Распутин
Шрифт:
Молоденький офицер с веселыми усиками, известный в отряде под именем корнета его величества,тонкий, гибкий, только вчера еще смотревший на мир радостно изумленными детскими глазами, ведет под руку старого седого генерала Алексеева, небольшого сухого старика с мужиковатым лицом и двумя огромными сосульками вместо усов. На душе старика тяжело. Он вспоминает ту грозную, небывалую еще в истории пятнадцатимиллионную рать, во главе которой он стоял так еще недавно и которая должна была дать России победу, силу и богатство и покрыть себя неувядаемой славой. И вместо этого какой-то апокалипсический кошмар, небывалый в истории позор и гибель недавно великой страны. И тысячи и тысячи раз спрашивал себя в безмолвии души много видевший в жизни старик: что же они просмотрели? В чем именно они так незаметно, но так жестоко ошиблись? В том, что государь не пошел навстречу требованиям прогрессивной части общества, не дал своевременно назревших реформ? Умный, опытный, выбившийся в люди с самых низов жизни — он был сыном захудалого, бедного провинциального офицерика, — старик с полным убеждением отвечал себе, что нельзя было в опасное время войны выступать с реформами, как бы они ни назрели, потому что и политиканы-профессионалы, и темные массы увидели бы, что правительство их боится, они потребовали бы еще и еще, может быть, невозможного
Где же, где причина страшной катастрофы?
Левые кричали на всех перекрестках, что правительство слишком мало делало для народа, что оно даже умышленно держало его в тяжких условиях невежества и нищеты. Может быть, до известной степени это и правда, но как же упускать из вида тот факт, что за последние триста лет из крошечного, раздираемого смутами московского царства выросла великая необъятная Россия, в границах которой оказалась такие несметные богатства, какими не обладал ни один другой народ в мире?
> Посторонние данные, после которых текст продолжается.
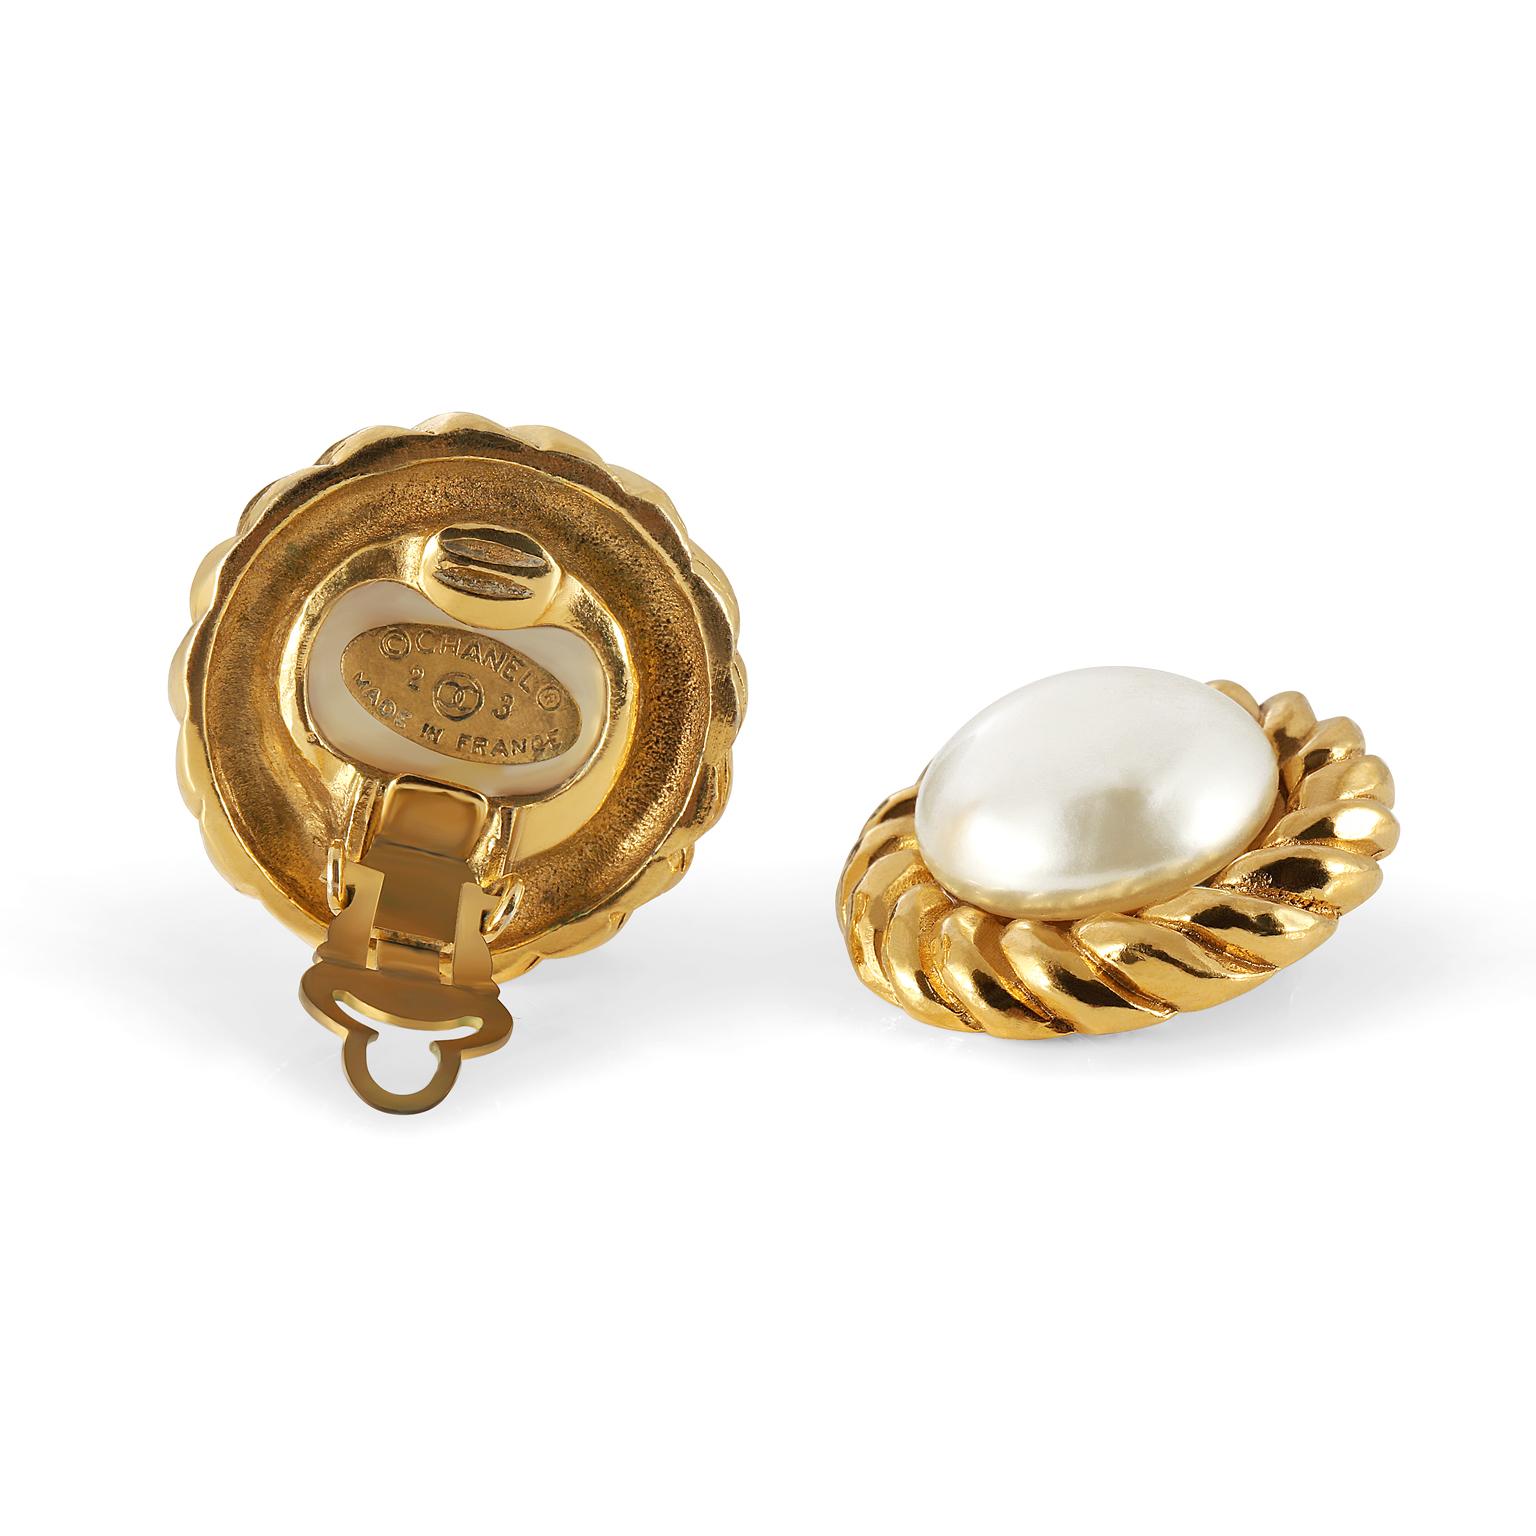 These authentic Chanel Pearl with Rope Surround Earrings are in very good vintage condition from the mid 19080’s.  Large round faux pearl is surrounded by gold rope motif.   Clip on closure. Made in France.

Вся энергия и правительства, и нации была поглощена этой экстенсивной работой, этим неизбежным дохождением до своих естественных границ, и вполне естественно, что на работу интенсивную, по внутреннему устроению страны, сил и не хватало. Но как раз в последние годы и тут было сделано многое, и, если бы не война, Россия пошла бы вперед гигантскими шагами…
И что он ни придумывал, как он ни искал, он никак не мог поставить знака равенства между кажущимися причинами катастрофы и теми размерами, которые эта катастрофа приняла. Иногда в тяжелые бессонные ночи по этим испуганно притаившимся станицам, когда мысль о возможности гибели России смотрела на него из мрака холодными очами, страшная, как сама смерть, старик смущенной душой чувствовал ту тяжелую для человека правду, которую чуют немногие и не высказывает никто: свершавшееся на войне, сама война и то, что свершается теперь, — уму непостижимо, и причины всему этому, цепляясь одна за другую бесконечною нерушимою цепью, уходят к первым дням мирозданья, в темную бездну прошлого, и следствия всего этого нельзя угадать не только за год вперед, но даже за один день, и все, что с полной определенностью можно сказать тут, это то, что они будут совершенно не таковы, как ожидают люди. Выразить эту мысль четко, определенно высказать ее себе в ночной тишине, хотя бы одному себе только, на это нужно было не меньше мужества, чем принять тогда главное командование над этой колоссальной, но уже начавшей разлагаться армией. Признать это значило бы признать, что значение его, Верховного Главнокомандующего, так же ничтожно, как и значение последнего барабанщика, что всякий другой на его месте был бы так же хорош или так же плох, а это значило бы признать, что теперешняя надежда его как-то спасти — как, было совершенно не ясно — Россию так же смешна, как попытки ребенка схватить луну руками. А это значило бы перестать действовать, перестать жить, свести себя на нет. Но тысячи и тысячи людей и на фронте, и потом в Москве, и в Ростове, и по всей России со слезами говорили ему, что в нем последняя надежда их, ему целовали руки, моля о спасении. Да наконец, и сердце, свое собственное старое сердце говорило: нет, хотя погибнуть, но не уступить!.. И было смутно в душе старого генерала, и он, только чтобы утешить людей, не отнять у них последней надежды, делал вид, что он знает, что ему делать. На самом же деле жизнь представлялась ему теперь такою же бездорожной, вымершей, страшно воющей пустыней, как и эта мерзлая, темная степь… И бессонными ночами он ворочался с боку на бок, тяжело вздыхал и иногда с тяжелым немым вопросом долго смотрел на кротко озаренный лампадой строгий лик Спасителя, сопровождавшего его во всех походах. Но ответа на его вопрос не было…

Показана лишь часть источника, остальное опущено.